Butcha would be all the better for it. I'm going to chuck. You don't understand.

M. (hotly).—I understand this. One hundred and thirty-seven new horses to be licked into shape somehow before Luck comes round again; a hair-heeled draft who'll give more trouble than the horses; a camp next cold weather for a certainty; ourselves the first on the roster; the Russian shindy ready to come to a head at five minutes' notice, and you, the best of us all, backing out of it all! Think a little, Gaddy. You won't do it.

G.—Hang it, a man has some duties towards his family, I suppose.

M.—I remember a man, though, who told me, the night after Amdheran, when we were picketted under Jagai, and he'd left his sword—by the way, did you ever pay Ranken for that sword?—in an Utmanzai's head—that man told me that he'd stick by me and the Pinks as long as he lived. I don't blame him for not sticking by me—I'm not much of a man—but I do blame him for not sticking by the Pink Hussars.

G. (uneasily).—We were little more than boys then. Can't you see, Jack, how things stand? 'Tisn't as if we were serving for our bread. We've all of us, more or less, got the filthy lucre. I'm luckier than some, perhaps. There's no call for me to serve on.
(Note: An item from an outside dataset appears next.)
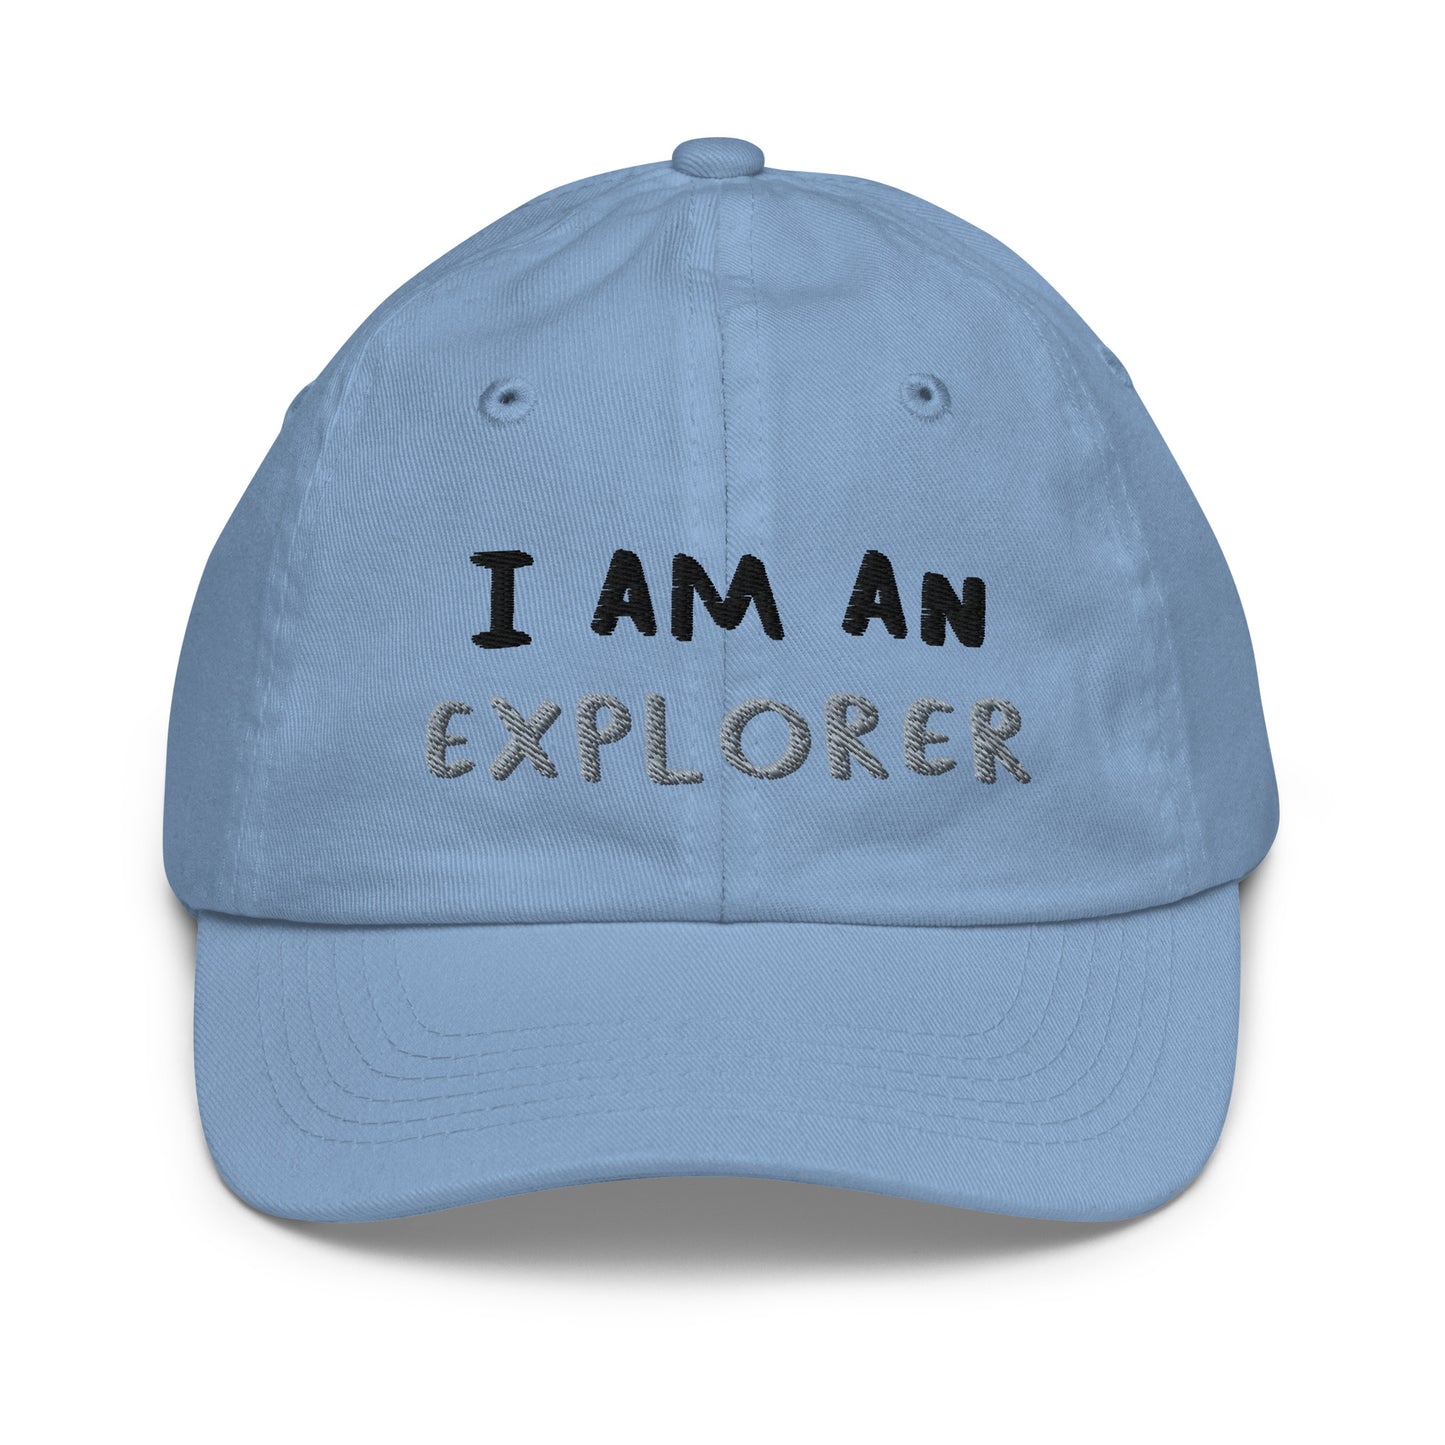 I AM AN EXPLORER - Youth baseball cap

M.—None in the world for you or for us, except the Regimental. If you don't choose to answer to that, of course . . .

G.—Don't be too hard on a man. You know that a lot of us only take up the thing for a few years, and then go back to Town and catch on with the rest.

M.—Not lots, and they aren't some of Us.

G.—And then there are one's affairs at Home to be considered—my place and the rents, and all that. I don't suppose my father can last much longer, and that means the title, and so on.